1.8 The Organization of This Book

The book focuses on the distributed representation scheme (i.e., embedding) in NLP and talks about recent advances in representation learning methods for (1) multiple language items including words, sentences, and documents; (2) closely related topics including graphs, cross-modality, and robustness; and (3) external knowledge including world knowledge, linguistic and commonsense knowledge, and domain knowledge.

We start the book from word representation. By giving a thorough introduction to word representation in Chap. 2, readers are expected to learn basic ideas of representation learning for NLP. After that, we introduce the techniques of sentence and document representation learning in Chap. 4, focusing on compositionally acquiring semantic representations of a higher-level language item from its components. We further introduce the most advanced techniques, pre-trained language models, in Chap. 5. After going through these chapters, readers will establish essential knowledge about deep learning techniques in NLP and realize the key to the deep learning revolution in NLP is distributed representation learning.

There are three essential and closely related topics for representation learning in NLP. First, the graph is also a natural way to represent objects and their relationships. In Chap. 6, we introduce representation learning techniques for modeling nodes, edges, and graphs; how graph representation learning can help NLP. Second, another important topic related to NLP is cross-modal representation learning. It studies how to build unified semantic representations across distinct modalities, such as texts, audios, images, and videos. In Chap. 7, we focus on the interaction between vision and text to introduce techniques and advances in cross-modal representation learning. Third, the robustness of semantic representations is critical for NLP applications, which will be introduced in Chap. 8.

In this book, we also argue that a deep understanding of natural languages requires the support of multiple human knowledge. Representation learning can incorporate external knowledge for NLP, known as knowledge-guided NLP, as shown in Fig. 1.10. Here, we introduce three typical forms of knowledge representation closely related to NLP: entity-based world knowledge, sememe-based linguistic and commonsense knowledge, and legal and biomedical domain knowledge.

Fig. 1.10
A framework starts with the deep learning model, which extracts knowledge and leads to the knowledge graph. Embedding and symbols are present in a knowledge graph. The knowledge-guided NLP is then incorporated.

The framework of knowledge representation learning (KRL), knowledge acquisition, and knowledge-guided NLP

In Chap. 9, we give a general introduction to knowledge representation learning (KRL) and take entity-based world knowledge as an example to introduce KRL methods and knowledge-guided NLP. World knowledge representation typically encodes world facts from knowledge graphs with entities and their relations into continuous semantic space. With world KRL, we can make NLP models knowledgeable of more information about those entities in text, such as rich attributes or relations with other entities.

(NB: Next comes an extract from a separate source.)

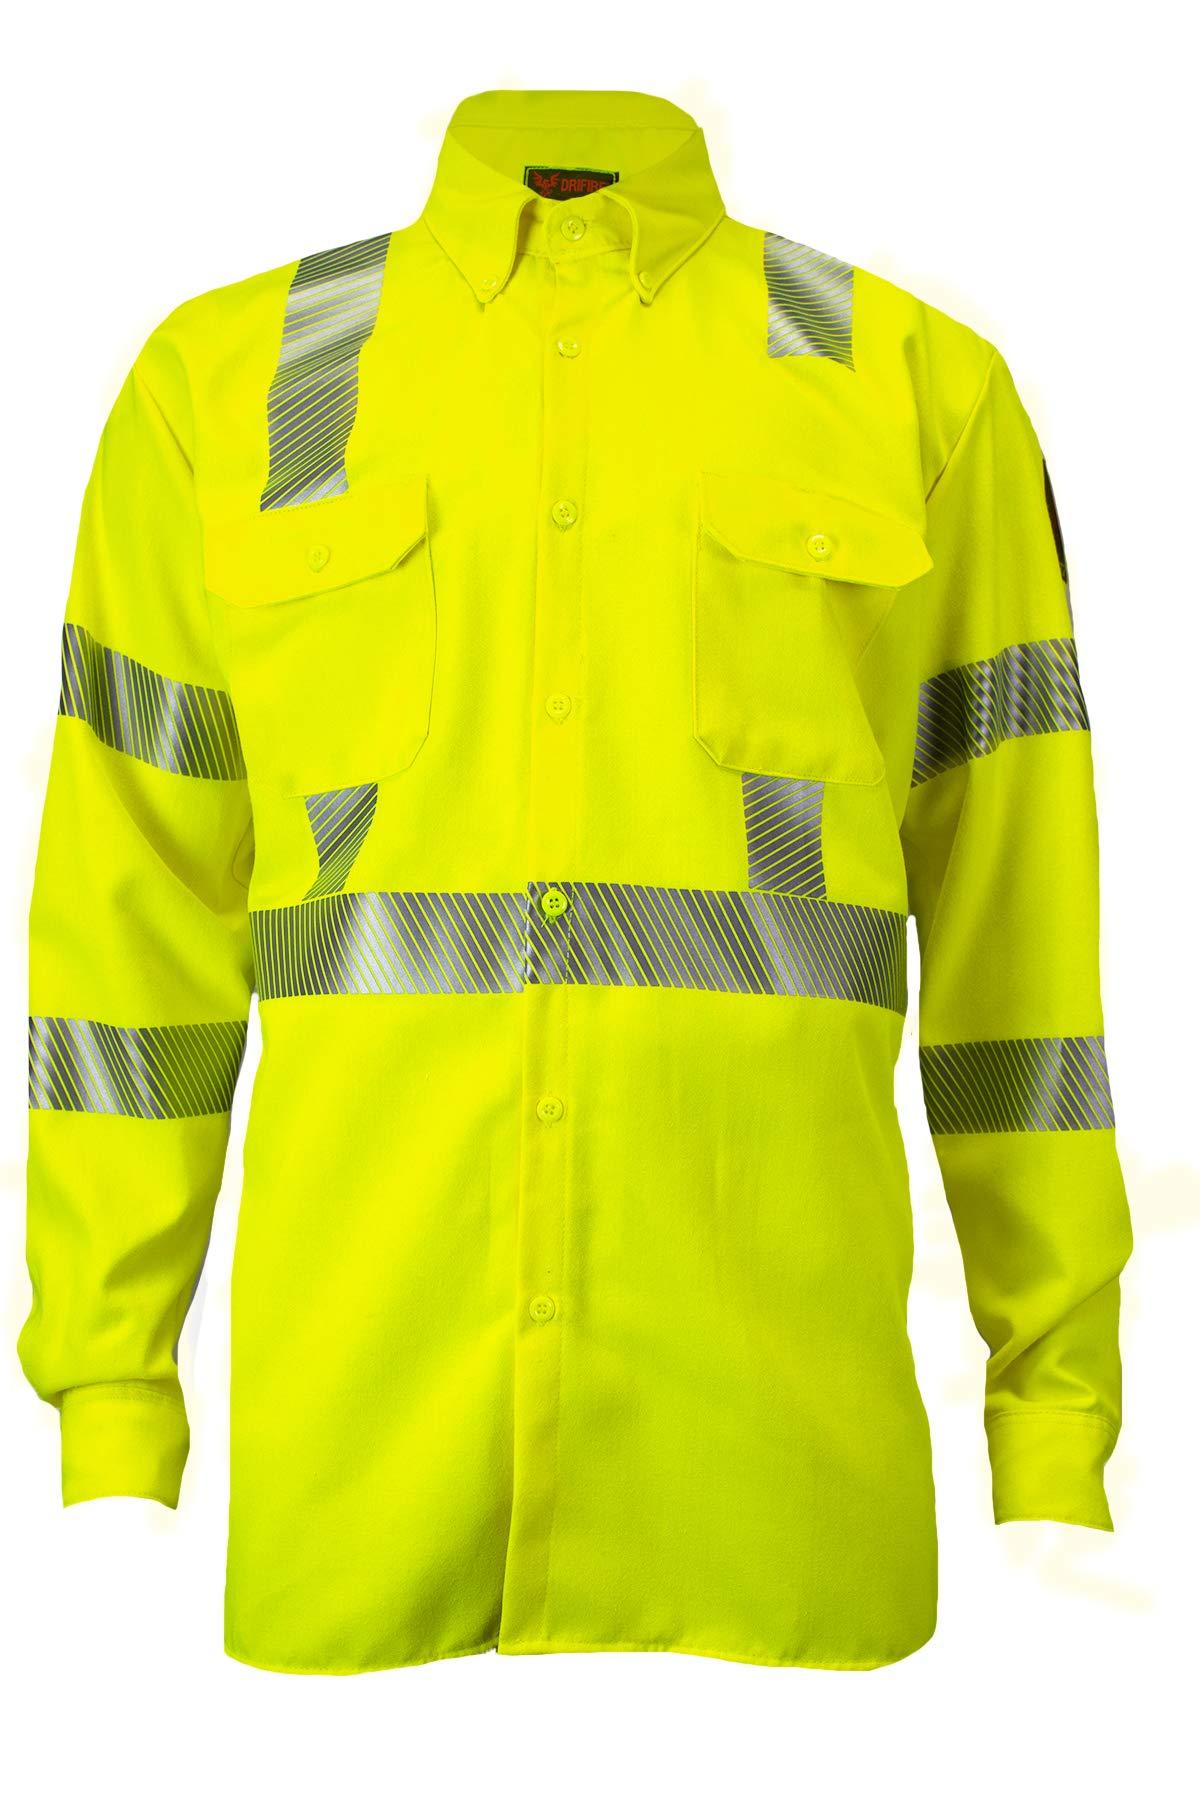 DRIFIRE High Performance FR Flame Resistant Hi-Vis Utility Shirt Electrical Industrial 7 oz. Lightweight CAT2

Sememe representation encodes linguistic and commonsense knowledge of natural languages, where sememe is defined as the minimum indivisible unit of semantic meanings in human languages [5]. As shown in Chap. 10, with the help of sememe representation learning, we can get more interpretable and robust NLP models.

There is also rich and complicated domain knowledge along with large amounts of domain-specific texts. Domain knowledge is important for the accurate understanding of domain texts. In Chaps. 11 and 12, we take the legal and biomedical domains as examples to introduce how to represent domain knowledge of distinct forms and facilitate domain-specific NLP systems.

At the end of the book, we share some views about challenging topics in representation learning for NLP. We hope the outlook can inspire more readers to play a part in building more powerful representation learning for NLP and AI.